#### Dataset extract
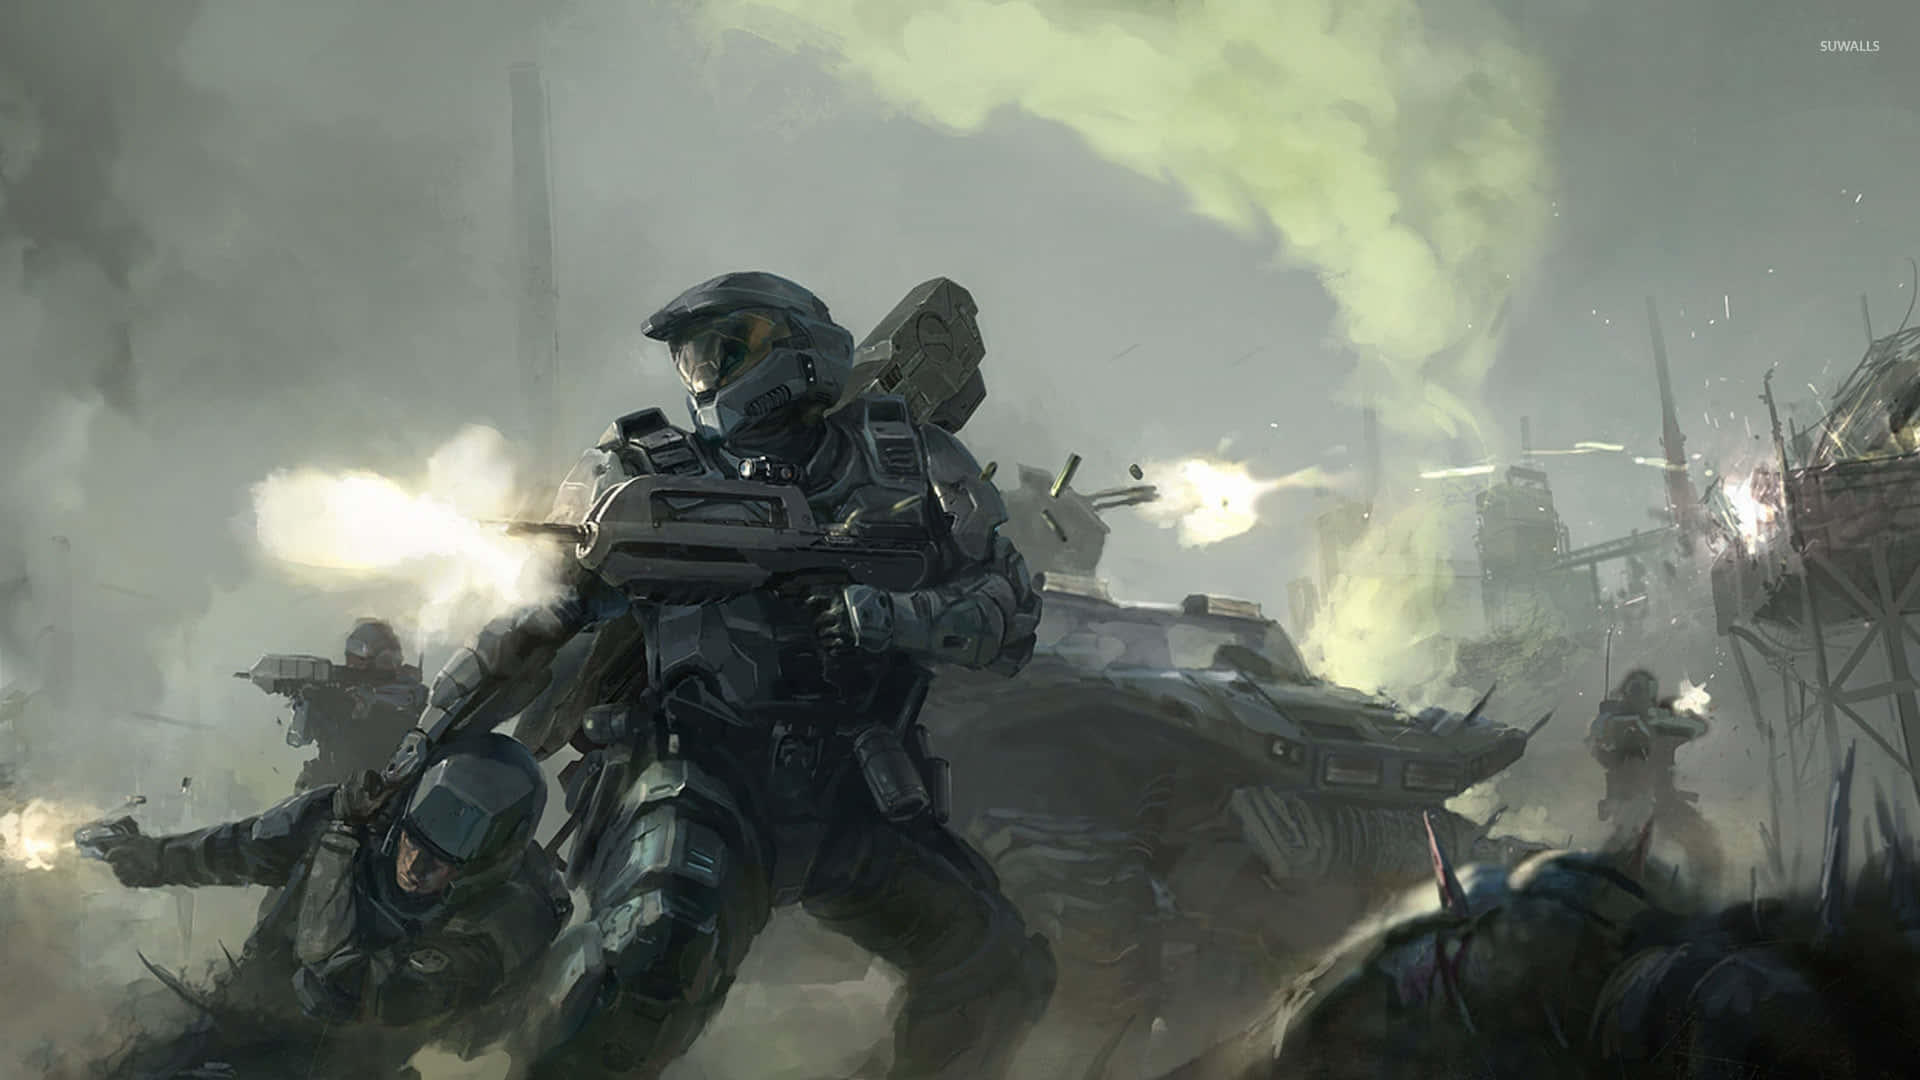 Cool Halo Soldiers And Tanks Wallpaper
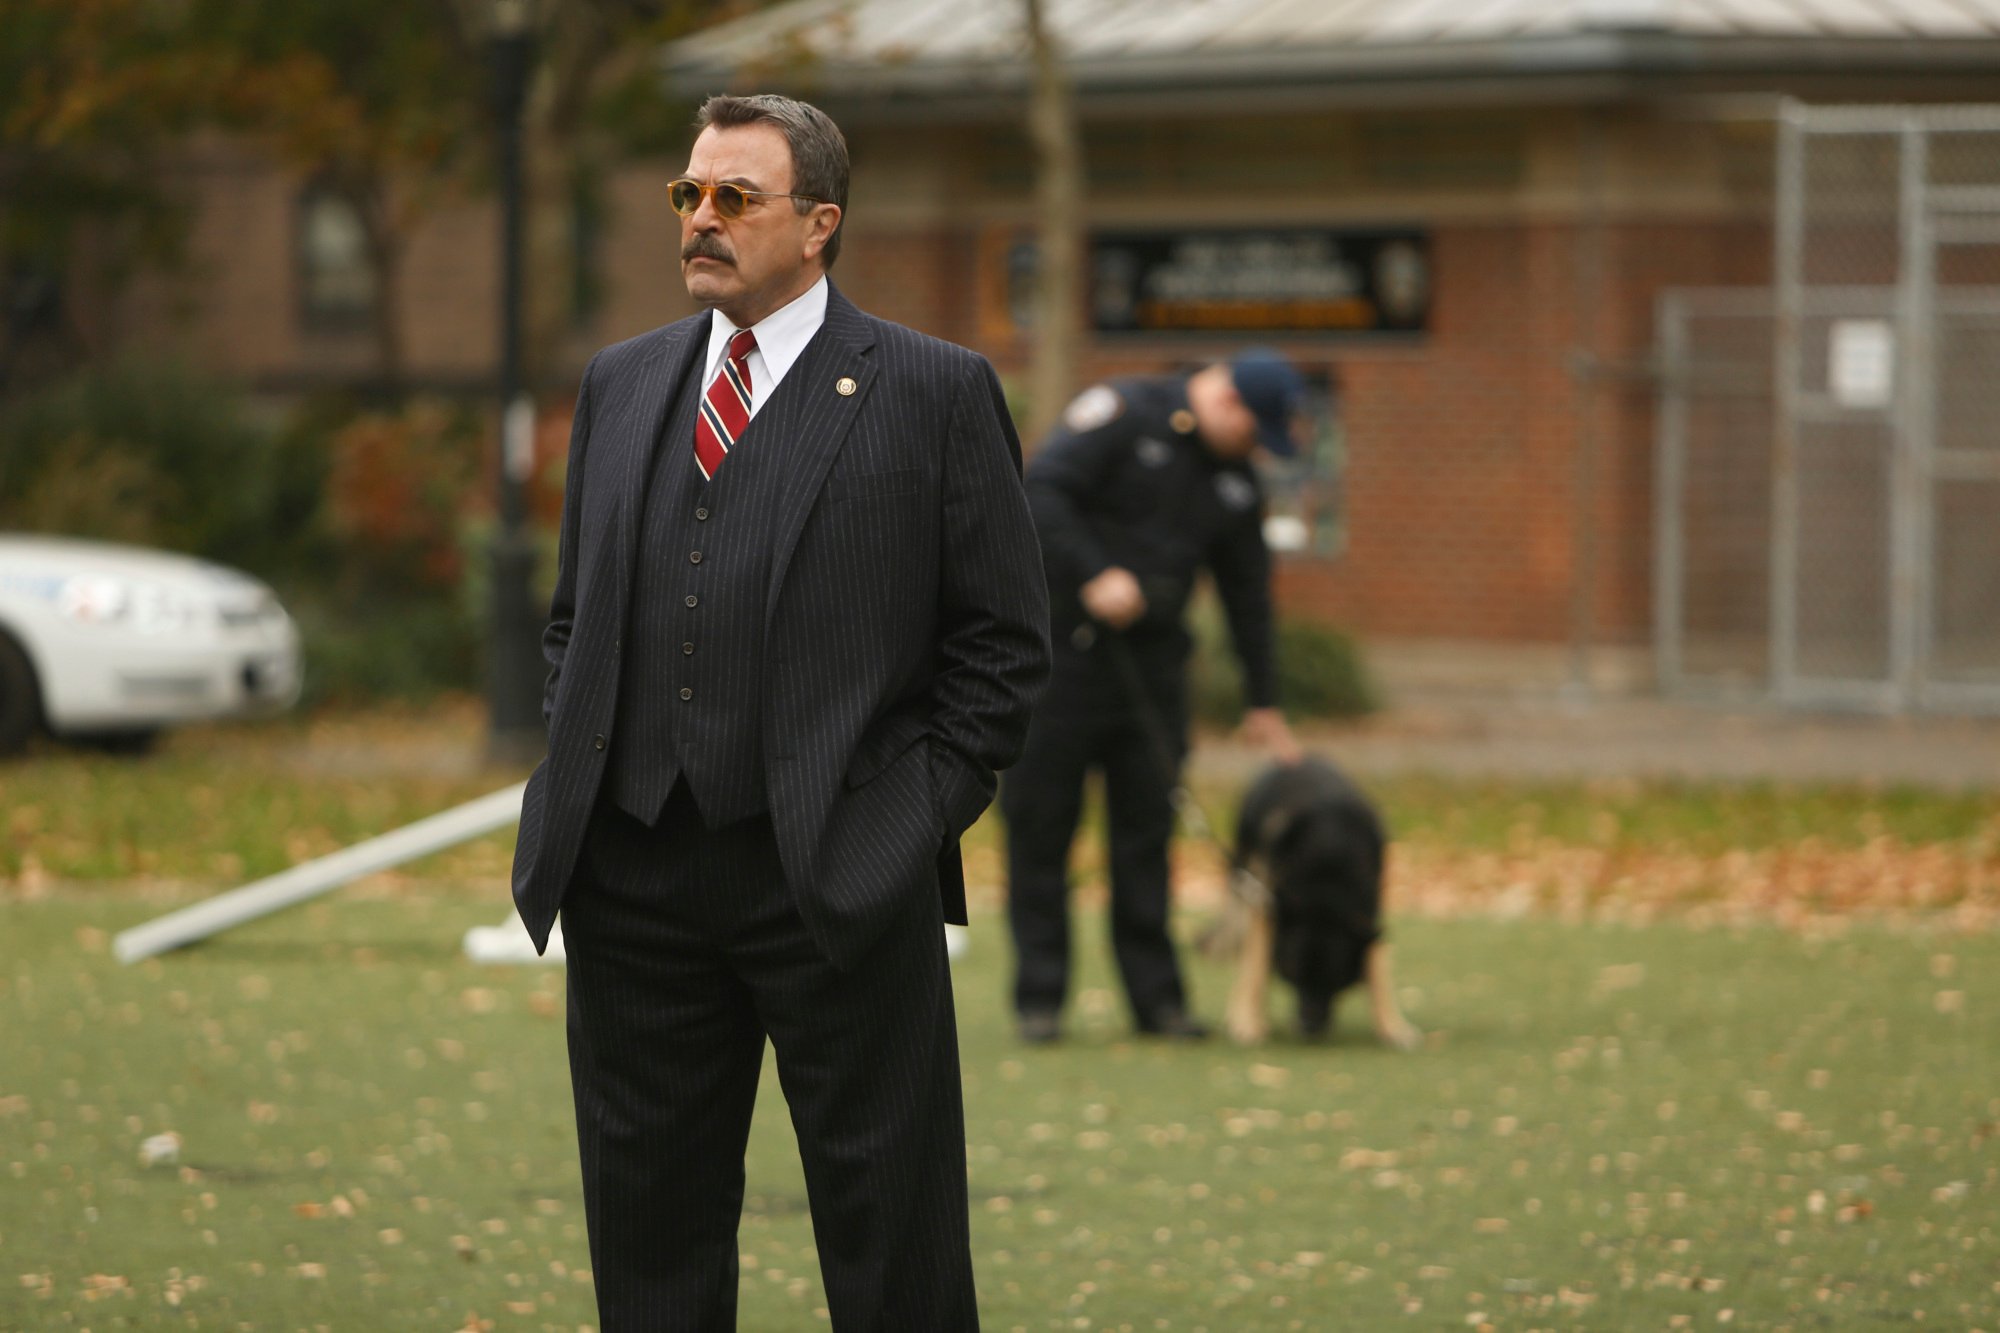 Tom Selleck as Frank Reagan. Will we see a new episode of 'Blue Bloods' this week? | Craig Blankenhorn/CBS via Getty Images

--

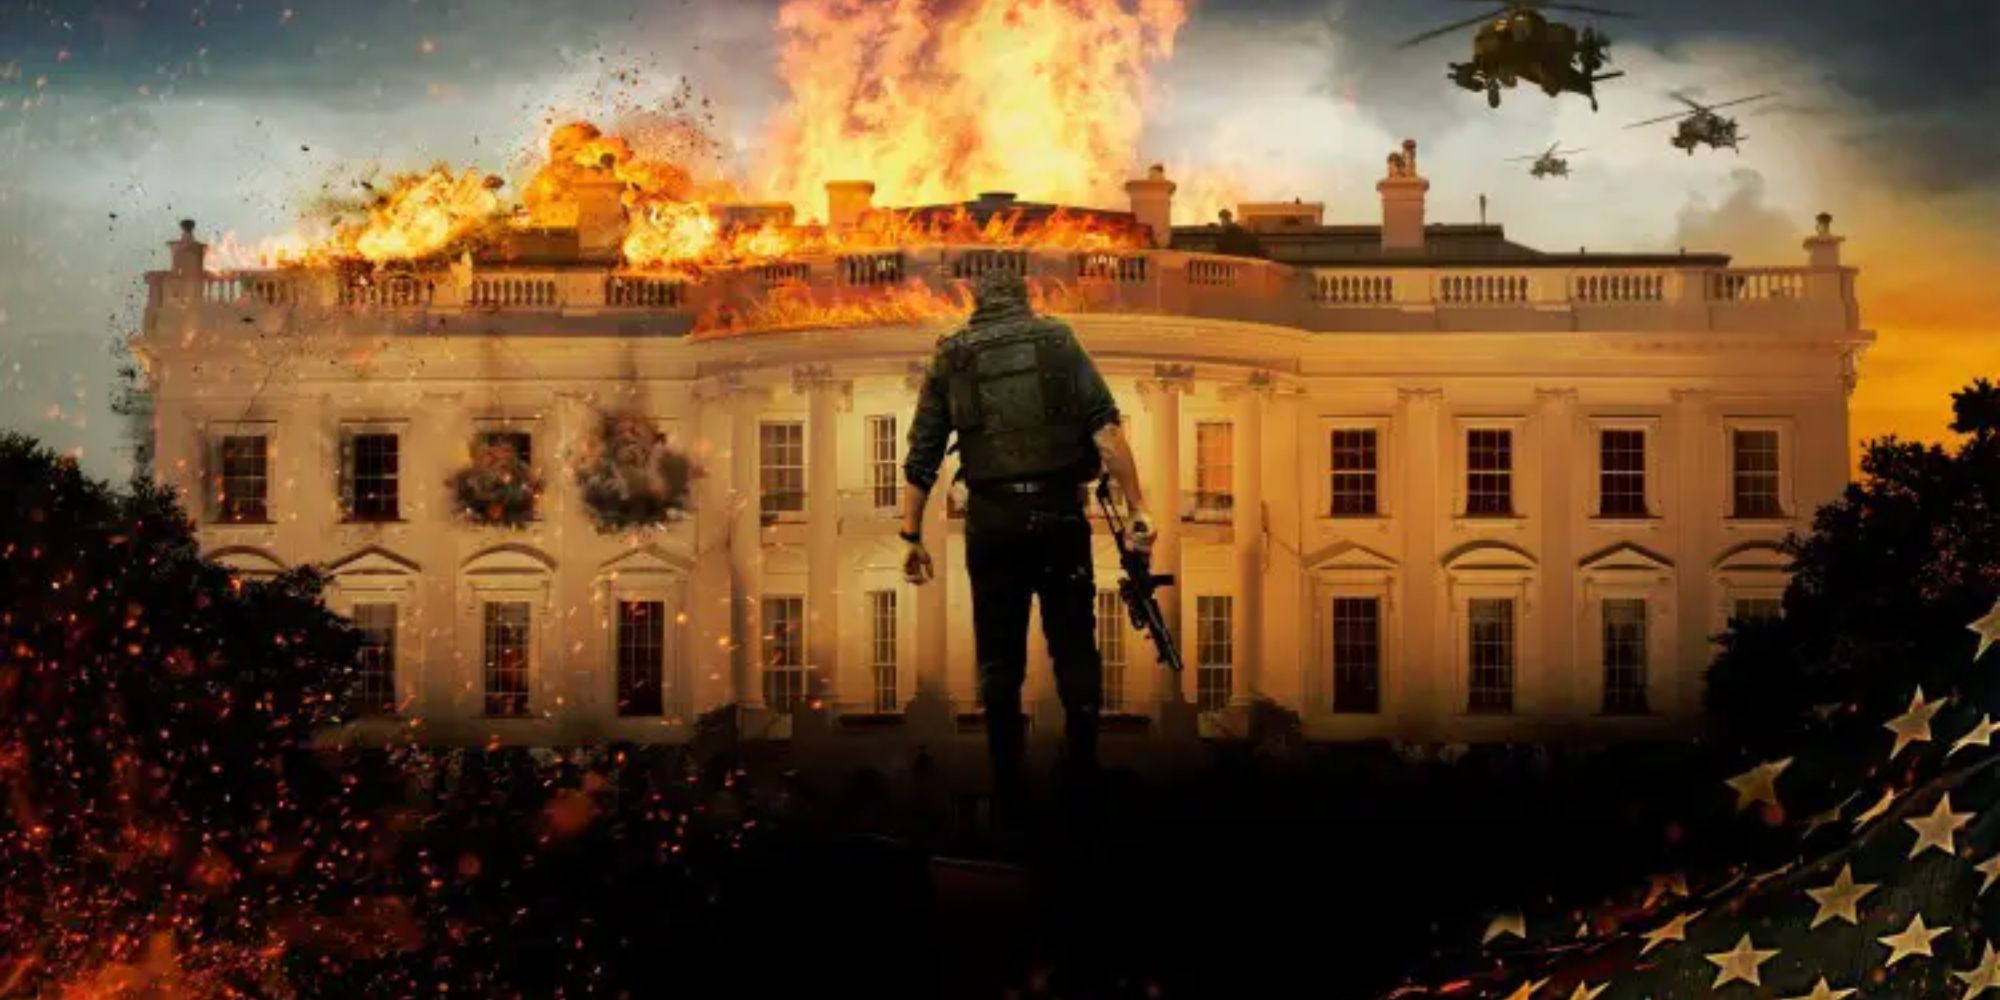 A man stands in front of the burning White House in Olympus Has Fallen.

...

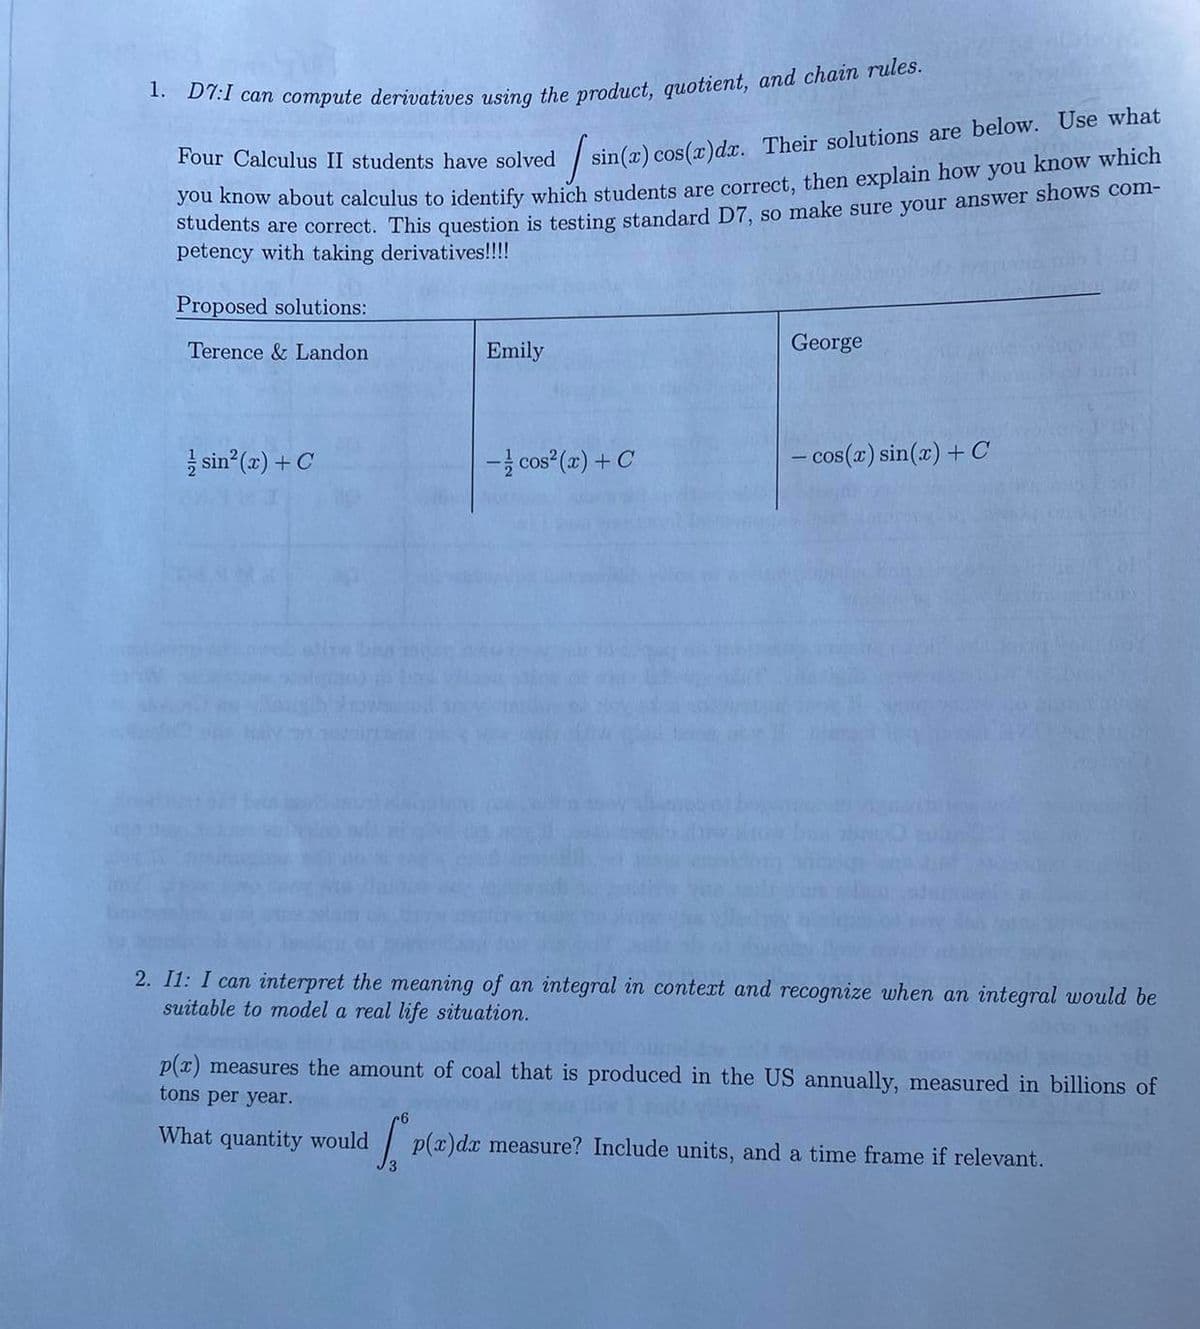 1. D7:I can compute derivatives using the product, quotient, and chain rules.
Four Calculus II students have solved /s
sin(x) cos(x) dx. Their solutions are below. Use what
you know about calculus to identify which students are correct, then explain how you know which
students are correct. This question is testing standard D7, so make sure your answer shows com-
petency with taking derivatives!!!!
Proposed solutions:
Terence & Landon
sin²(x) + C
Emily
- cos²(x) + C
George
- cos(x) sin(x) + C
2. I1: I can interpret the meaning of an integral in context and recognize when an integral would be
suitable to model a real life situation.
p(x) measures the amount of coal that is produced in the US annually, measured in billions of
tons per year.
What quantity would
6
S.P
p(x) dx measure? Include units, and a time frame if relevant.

#### What is needed
Collect every line above that contains the word "would".

#### Exercise answer
2. I1: I can interpret the meaning of an integral in context and recognize when an integral would be
What quantity would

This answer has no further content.